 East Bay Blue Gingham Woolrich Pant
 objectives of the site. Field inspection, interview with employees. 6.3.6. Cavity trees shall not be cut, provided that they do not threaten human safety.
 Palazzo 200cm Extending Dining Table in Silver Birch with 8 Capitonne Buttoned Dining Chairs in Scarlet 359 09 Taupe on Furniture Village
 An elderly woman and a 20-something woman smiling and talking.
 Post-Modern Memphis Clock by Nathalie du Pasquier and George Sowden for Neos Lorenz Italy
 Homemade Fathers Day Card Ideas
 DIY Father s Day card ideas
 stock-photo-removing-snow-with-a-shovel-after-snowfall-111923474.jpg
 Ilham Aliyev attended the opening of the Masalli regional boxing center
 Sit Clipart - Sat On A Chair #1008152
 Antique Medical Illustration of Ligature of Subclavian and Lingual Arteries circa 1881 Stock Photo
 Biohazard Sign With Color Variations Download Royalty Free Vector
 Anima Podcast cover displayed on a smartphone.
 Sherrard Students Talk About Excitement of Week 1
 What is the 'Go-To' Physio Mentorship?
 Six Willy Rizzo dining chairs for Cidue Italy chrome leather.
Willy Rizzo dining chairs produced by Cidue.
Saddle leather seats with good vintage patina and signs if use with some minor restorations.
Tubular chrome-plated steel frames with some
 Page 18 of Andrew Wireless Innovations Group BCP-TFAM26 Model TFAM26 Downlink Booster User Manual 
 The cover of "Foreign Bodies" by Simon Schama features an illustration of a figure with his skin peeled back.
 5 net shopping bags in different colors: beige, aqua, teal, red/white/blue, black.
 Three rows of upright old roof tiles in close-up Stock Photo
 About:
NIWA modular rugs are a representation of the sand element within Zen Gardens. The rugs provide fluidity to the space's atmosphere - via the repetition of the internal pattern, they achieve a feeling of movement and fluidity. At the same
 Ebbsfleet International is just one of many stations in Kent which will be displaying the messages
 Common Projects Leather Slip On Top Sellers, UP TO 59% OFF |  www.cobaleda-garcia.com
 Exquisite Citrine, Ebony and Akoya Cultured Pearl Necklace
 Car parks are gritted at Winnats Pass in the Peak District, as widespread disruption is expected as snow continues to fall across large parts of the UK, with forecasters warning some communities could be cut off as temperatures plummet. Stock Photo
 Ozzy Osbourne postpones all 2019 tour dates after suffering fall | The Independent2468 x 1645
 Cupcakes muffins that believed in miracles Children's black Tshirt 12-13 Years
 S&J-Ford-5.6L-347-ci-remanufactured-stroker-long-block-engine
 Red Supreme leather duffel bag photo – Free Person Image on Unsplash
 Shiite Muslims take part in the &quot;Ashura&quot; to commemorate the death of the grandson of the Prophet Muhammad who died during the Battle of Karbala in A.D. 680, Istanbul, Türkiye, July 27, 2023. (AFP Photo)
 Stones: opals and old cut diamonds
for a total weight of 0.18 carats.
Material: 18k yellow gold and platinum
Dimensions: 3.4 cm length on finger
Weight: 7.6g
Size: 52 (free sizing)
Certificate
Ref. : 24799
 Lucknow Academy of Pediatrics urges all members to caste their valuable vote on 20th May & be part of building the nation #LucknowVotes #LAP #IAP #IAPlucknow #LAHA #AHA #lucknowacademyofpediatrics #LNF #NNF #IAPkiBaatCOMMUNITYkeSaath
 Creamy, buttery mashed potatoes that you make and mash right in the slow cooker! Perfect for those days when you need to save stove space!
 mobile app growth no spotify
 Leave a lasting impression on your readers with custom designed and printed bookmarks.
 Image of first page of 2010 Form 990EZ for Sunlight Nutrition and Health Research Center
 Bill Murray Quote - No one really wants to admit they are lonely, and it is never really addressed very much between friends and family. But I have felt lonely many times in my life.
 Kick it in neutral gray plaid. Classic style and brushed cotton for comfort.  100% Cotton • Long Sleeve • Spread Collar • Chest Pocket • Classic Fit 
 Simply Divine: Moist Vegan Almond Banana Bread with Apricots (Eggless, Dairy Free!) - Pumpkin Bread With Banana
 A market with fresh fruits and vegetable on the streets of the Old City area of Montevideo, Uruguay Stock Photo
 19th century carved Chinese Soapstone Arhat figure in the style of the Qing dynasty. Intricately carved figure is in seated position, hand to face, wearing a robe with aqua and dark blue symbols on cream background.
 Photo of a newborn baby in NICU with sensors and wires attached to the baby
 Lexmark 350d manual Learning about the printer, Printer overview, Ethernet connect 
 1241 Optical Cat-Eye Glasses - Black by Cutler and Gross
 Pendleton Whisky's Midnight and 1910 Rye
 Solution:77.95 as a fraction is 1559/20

▶ Problem statement: Look through the material and say how many lines hold "that". Give the number only.

▶ Answer below: 3